§ DATASET CONTENT
******************************

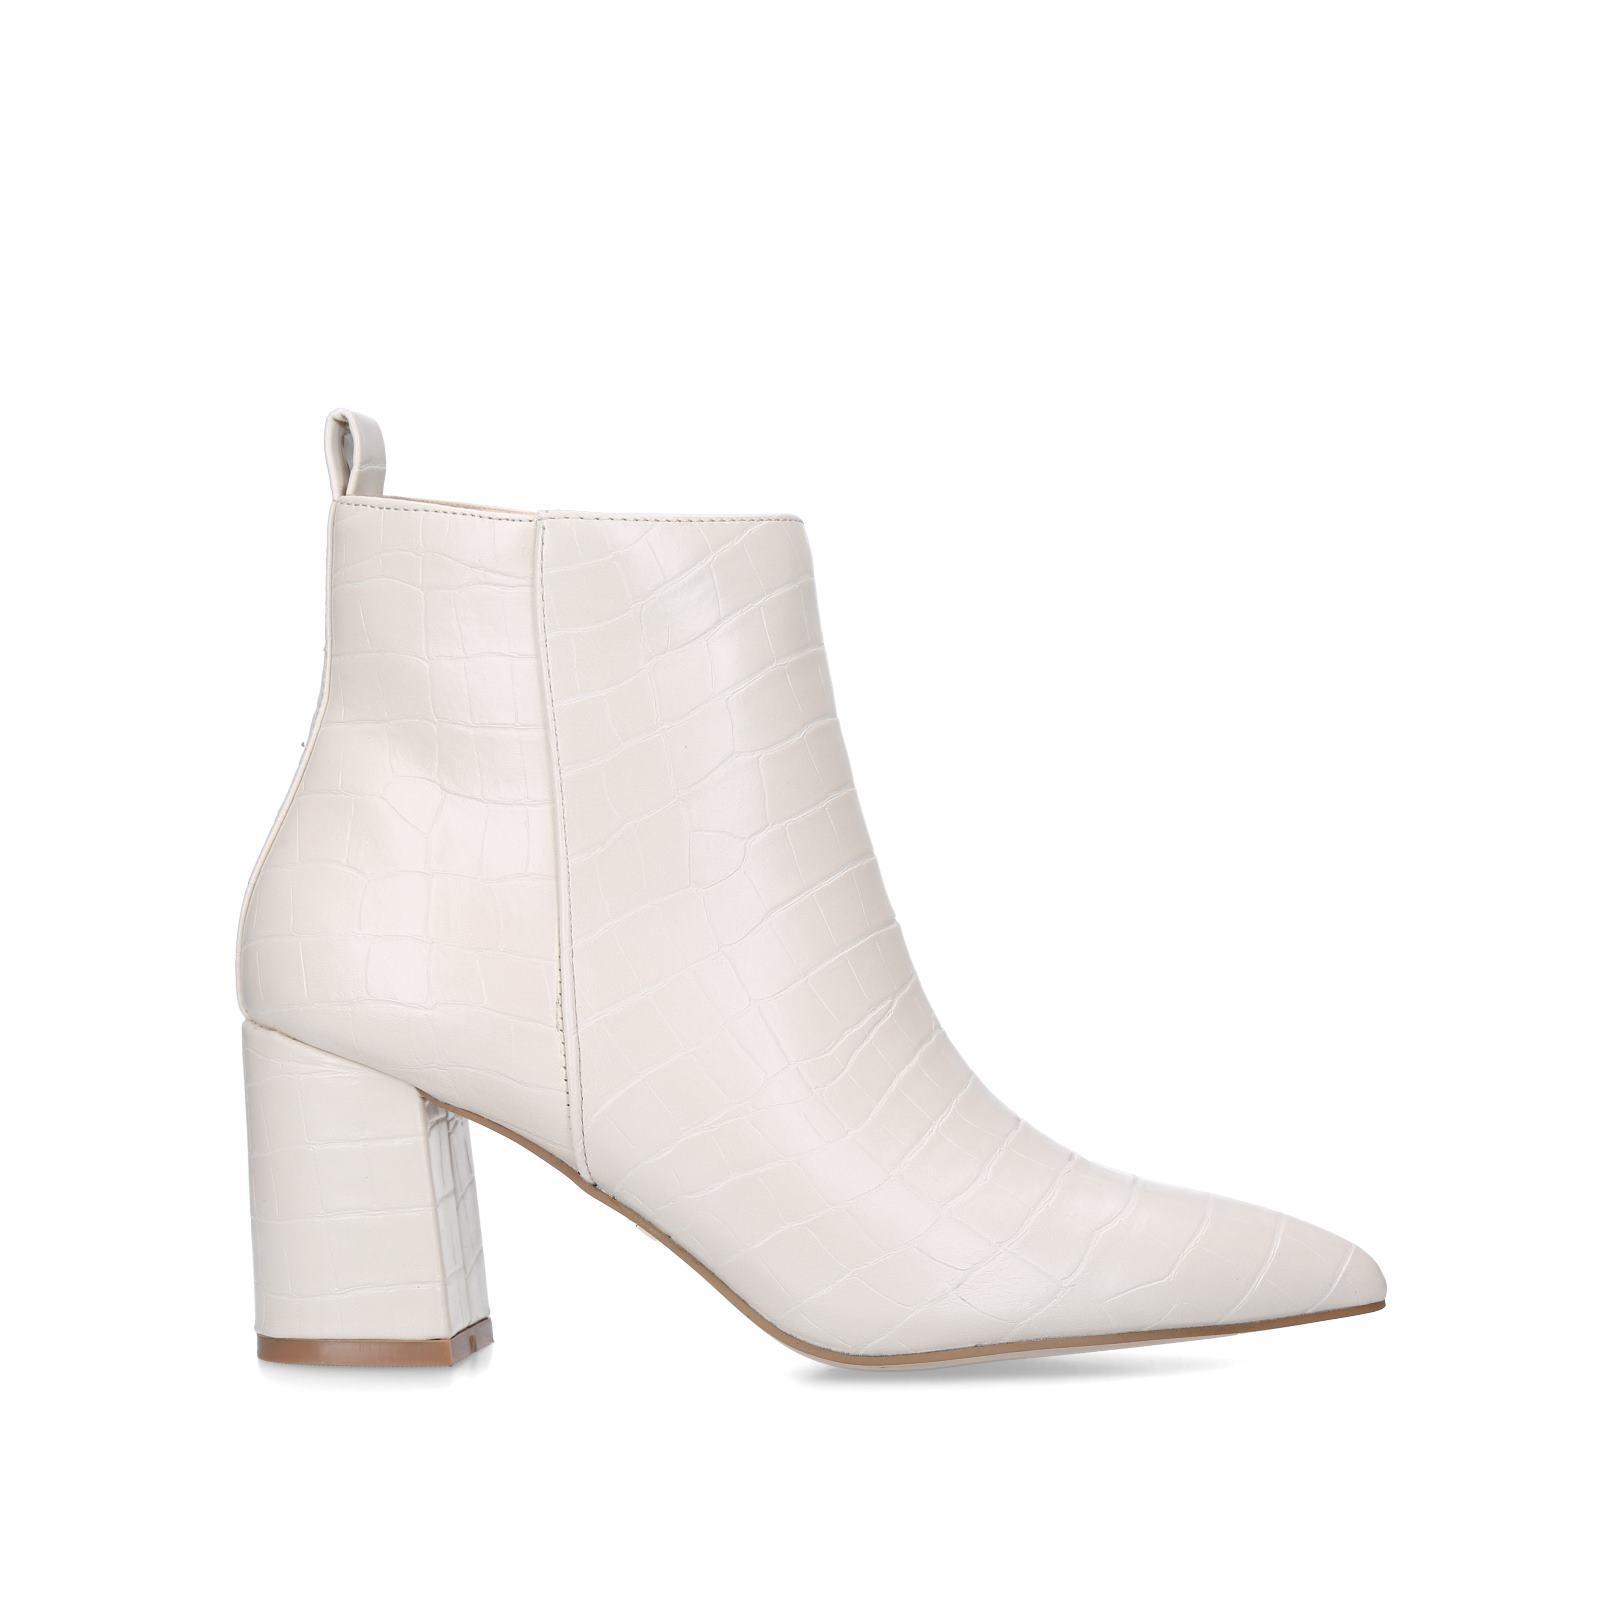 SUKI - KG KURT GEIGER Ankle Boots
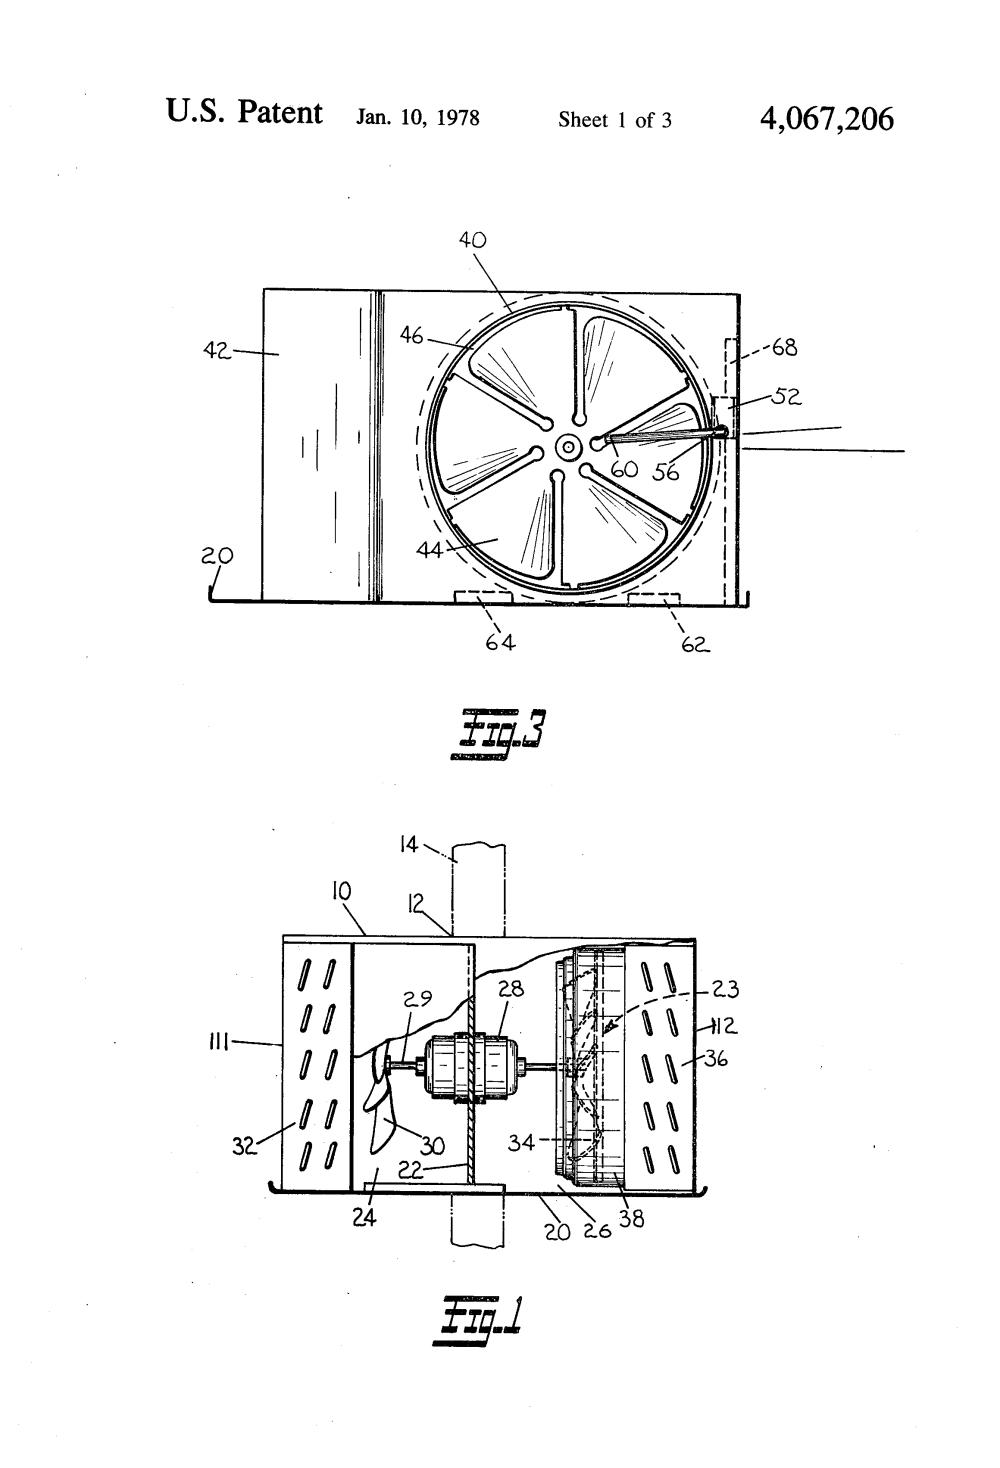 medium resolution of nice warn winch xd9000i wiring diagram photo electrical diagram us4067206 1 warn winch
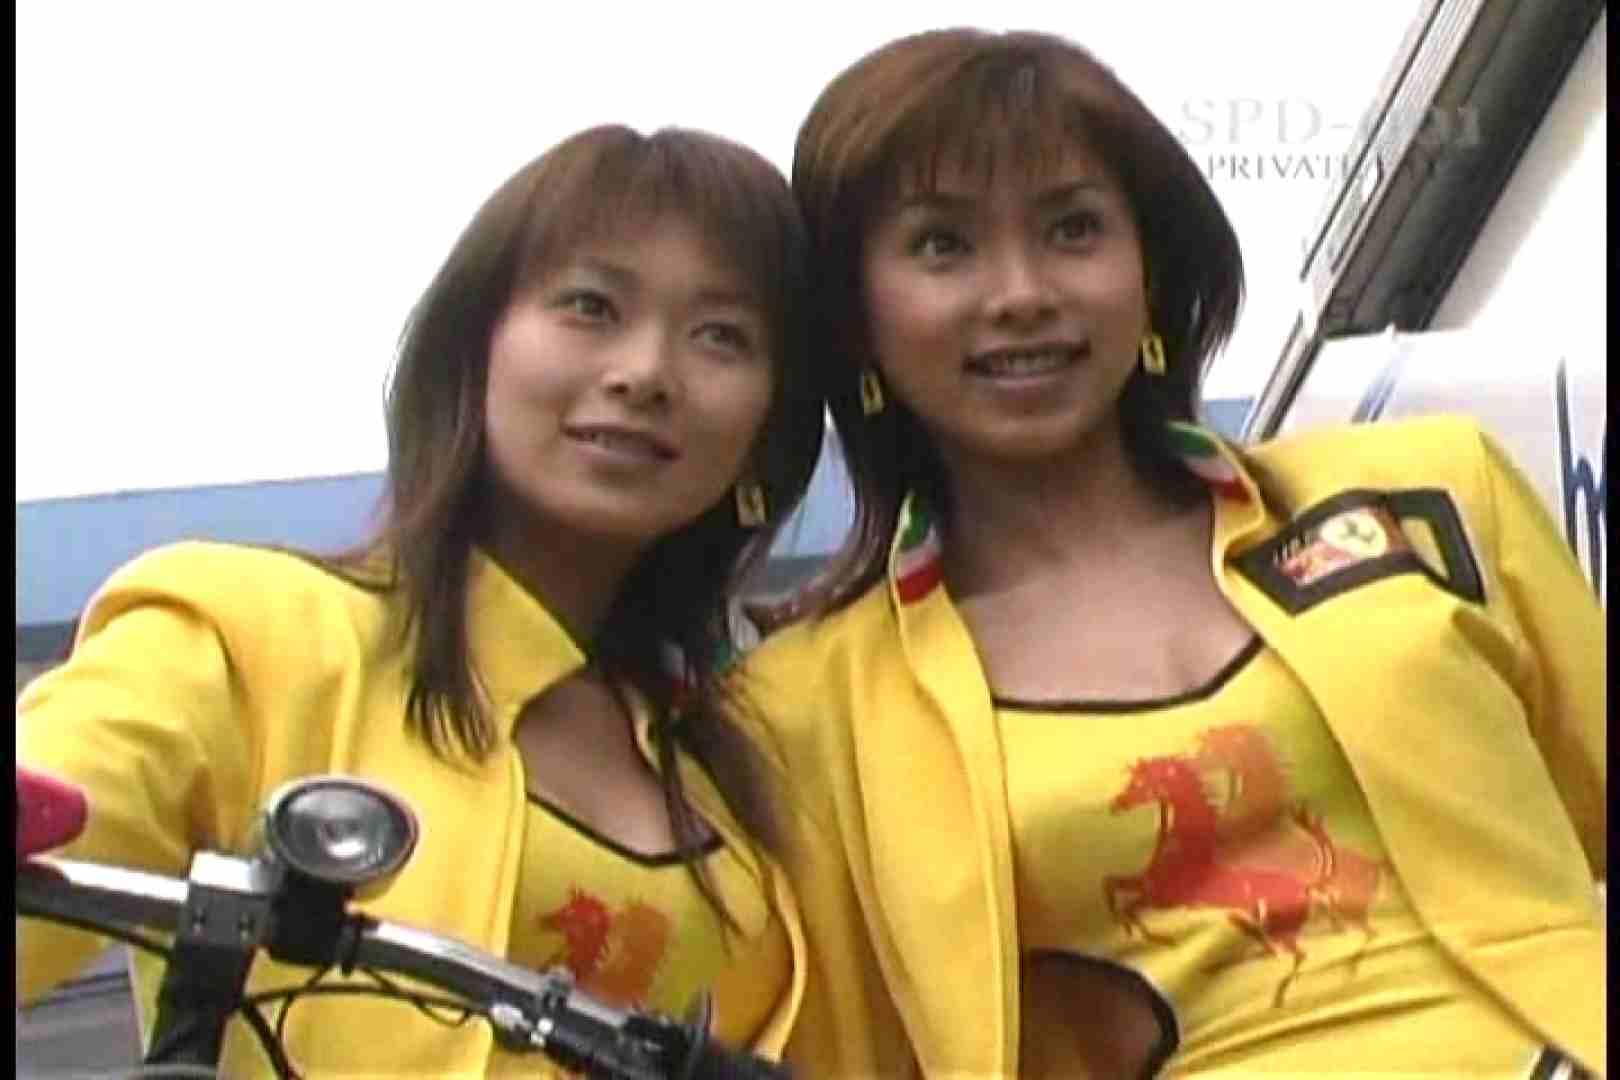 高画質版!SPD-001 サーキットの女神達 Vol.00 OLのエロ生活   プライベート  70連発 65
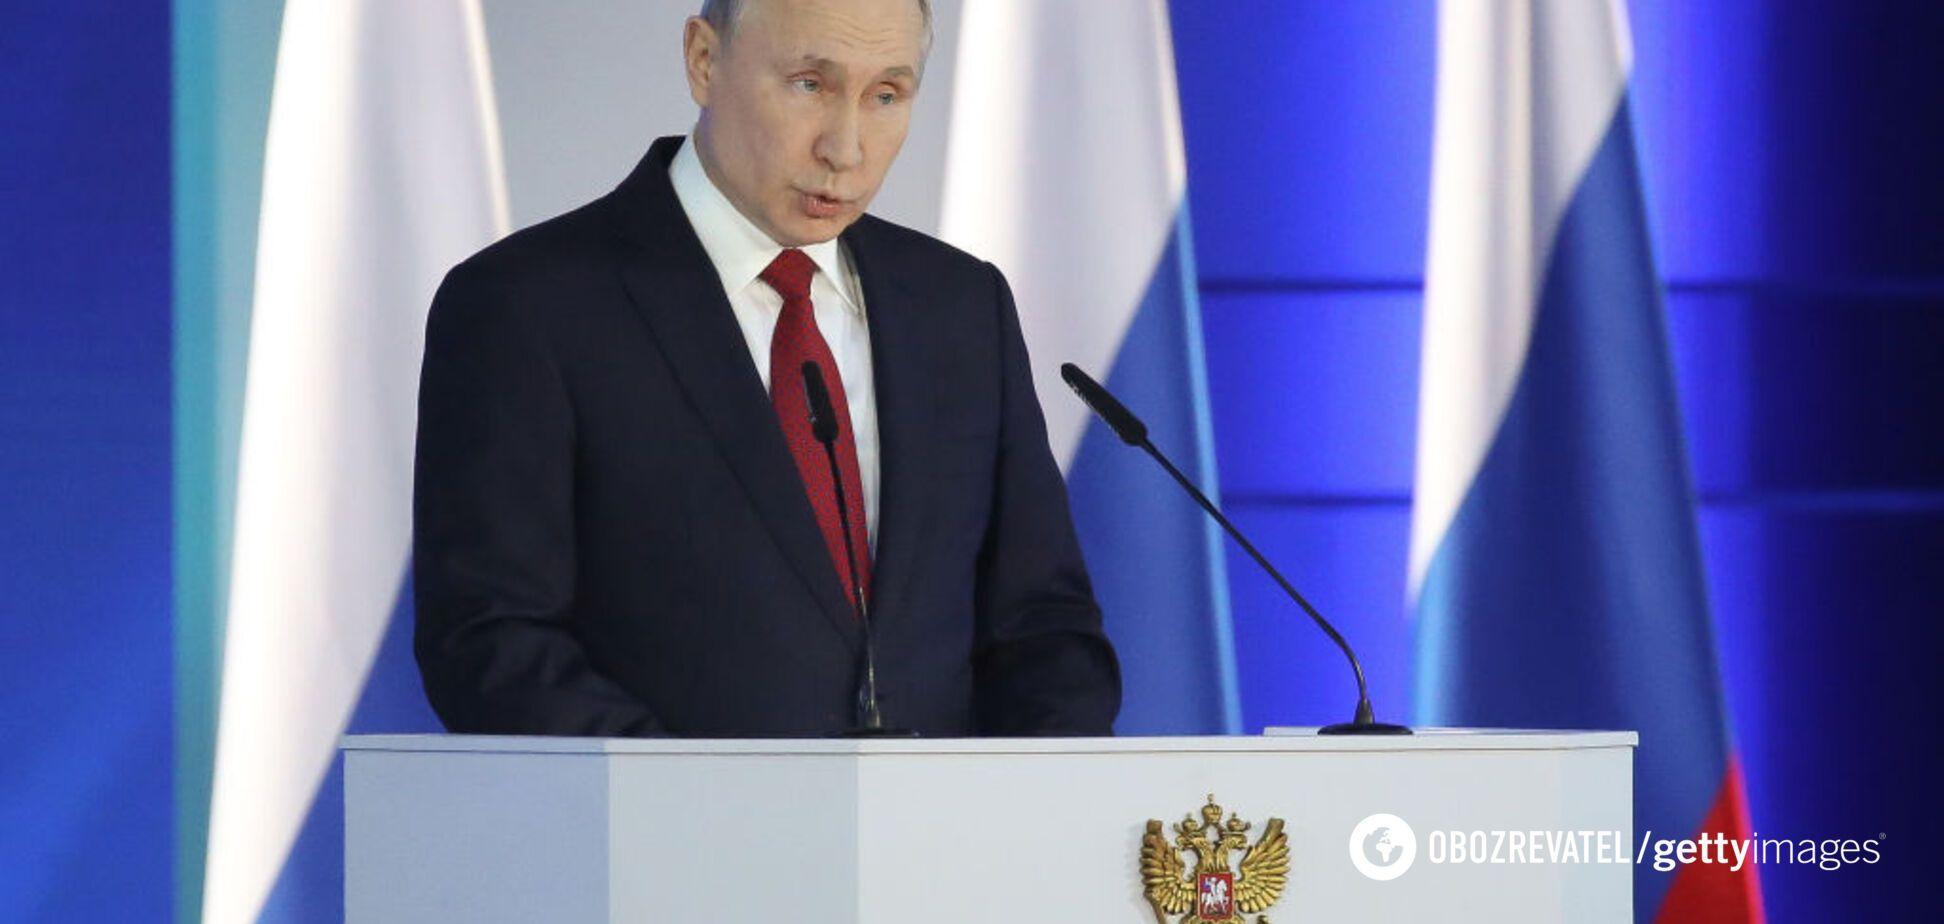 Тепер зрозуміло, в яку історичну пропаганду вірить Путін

******************************

§ EXERCISE GOAL
Only the lines from the line with "高画質版!SPD-001 サーキットの女神達 Vol.00" through the final line of the material belong in the answer, copied exactly and without pictures.

§ RESULT
 高画質版!SPD-001 サーキットの女神達 Vol.00 OLのエロ生活   プライベート  70連発 65
 Тепер зрозуміло, в яку історичну пропаганду вірить Путін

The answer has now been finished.